Envoy: US troops to be in Iraq into '09

(Agencies)
Updated: 2008-02-02 08:37

Bush has indicated he is willing to leave more troops in Iraq at the close of his presidency than envisioned only weeks or months ago. The president said last month that it's fine with him if Petraeus wants to "slow her down" to meet current security needs.

One Army brigade and two Marine battalions have already returned home and will not be replaced. Four other Army brigades are to depart by July, leaving 15 brigades, or roughly 130,000 to 135,000 troops in Iraq. Those troops were part of Bush's 2007 escalation to confront a steep rise in violence, especially in Baghdad.

The escalation worked, within limits, to reduce violence in the capital and allow what Crocker called a returning sense of normalcy. He spoke, however, hours after coordinated suicide bombings that killed dozens at outdoor markets in Baghdad. It was the single deadliest day in Iraq since Washington flooded the capital with 30,000 extra troops last spring.

Secretary of State Condoleezza Rice said the bombings prove al-Qaida is "the most brutal and bankrupt of movements" and will strengthen Iraqi resolve to reject terrorism. The bombs were strapped to two mentally disabled women and set off by remote control. The women may have been unknowing agents of death.

Crocker will be the top US negotiator in talks on the American presence with the Iraqis expected to begin this month. He said he expected an eventual "status of forces agreement" to allow for great flexibility in pursuing insurgents while not setting definite troop levels.

"I don't think al-Qaida is going to have gone away after this year, and we and the Iraqis are going to want to make sure we are able to pursue them, but questions of force levels and what not, those will be executive decisions by this president and by the next," he said. "This agreement is in no way going to get into that executive decision prerogative."

Crocker also said that Iran continues to play a negative role in training and supplying insurgents with weapons and explosives, but the ambassador made clear he remains open to renewing a three-way security dialogue with Iranian and Iraqi officials.

A new meeting among the three sides could happen in "the next week or so," he said. But he noted that he had expected such talks to take place in early January after the United States indicated it was willing to participate a month earlier.

"The Iranians may be ready to come back to the table and if they are, we'll be there," Crocker said. "I am perfectly ready to sit down with my counterpart and would expect to do so."

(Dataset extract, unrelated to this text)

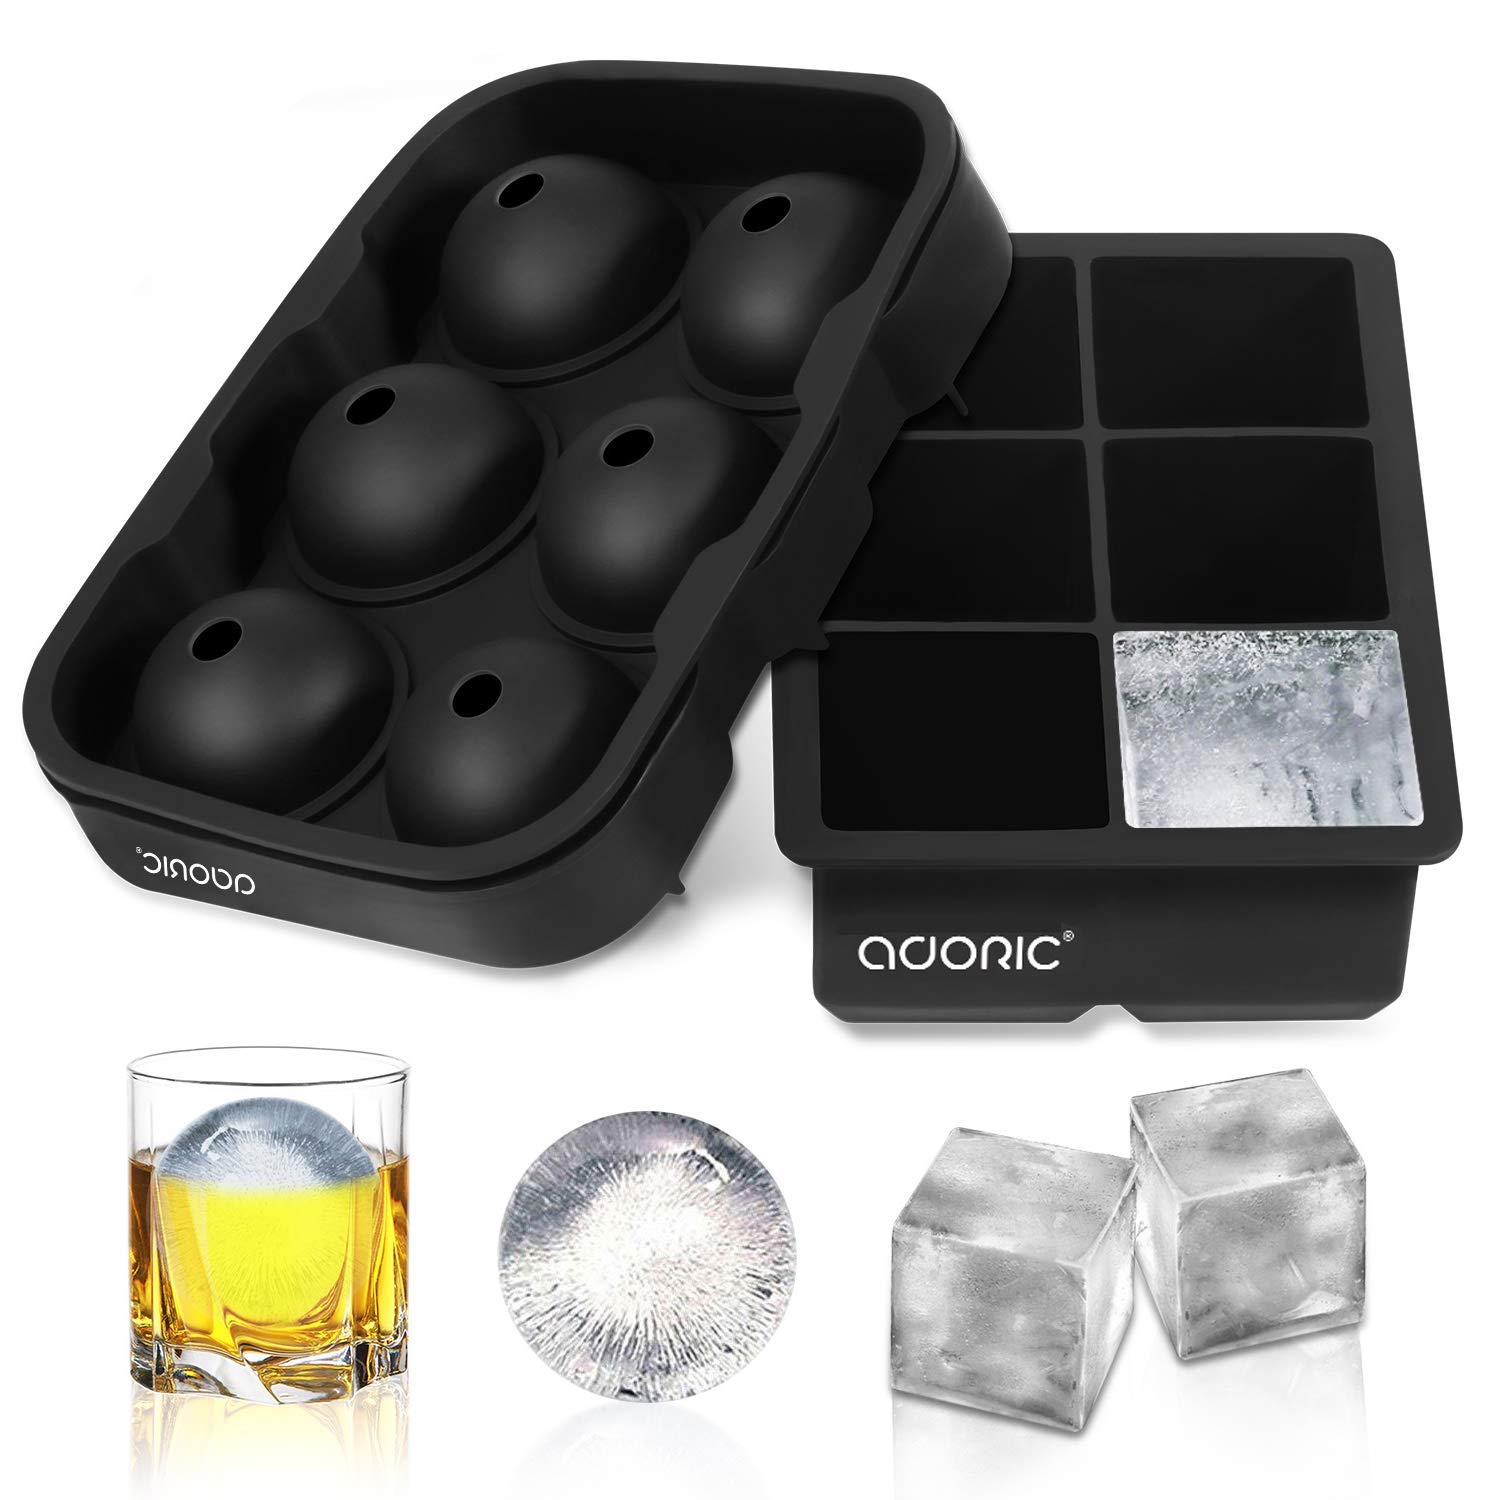 Adoric Silicone Black Ice Cube Trays, 2-Pack

However, he said a lower-level meeting of security officials probably would precede any ambassadorial meeting, which would be his fourth with the Iranian ambassador to Iraq since he arrived in Baghdad nearly one year ago.

Another Iraqi neighbor, Syria, which Washington accuses of allowing foreign fighters to enter Iraq from its territory, appears to have clamped down on such border crossings, Crocker said.

"We have seen a downturn in the number of suicide bombers coming across" the border and that "was not just a coincidence," he said.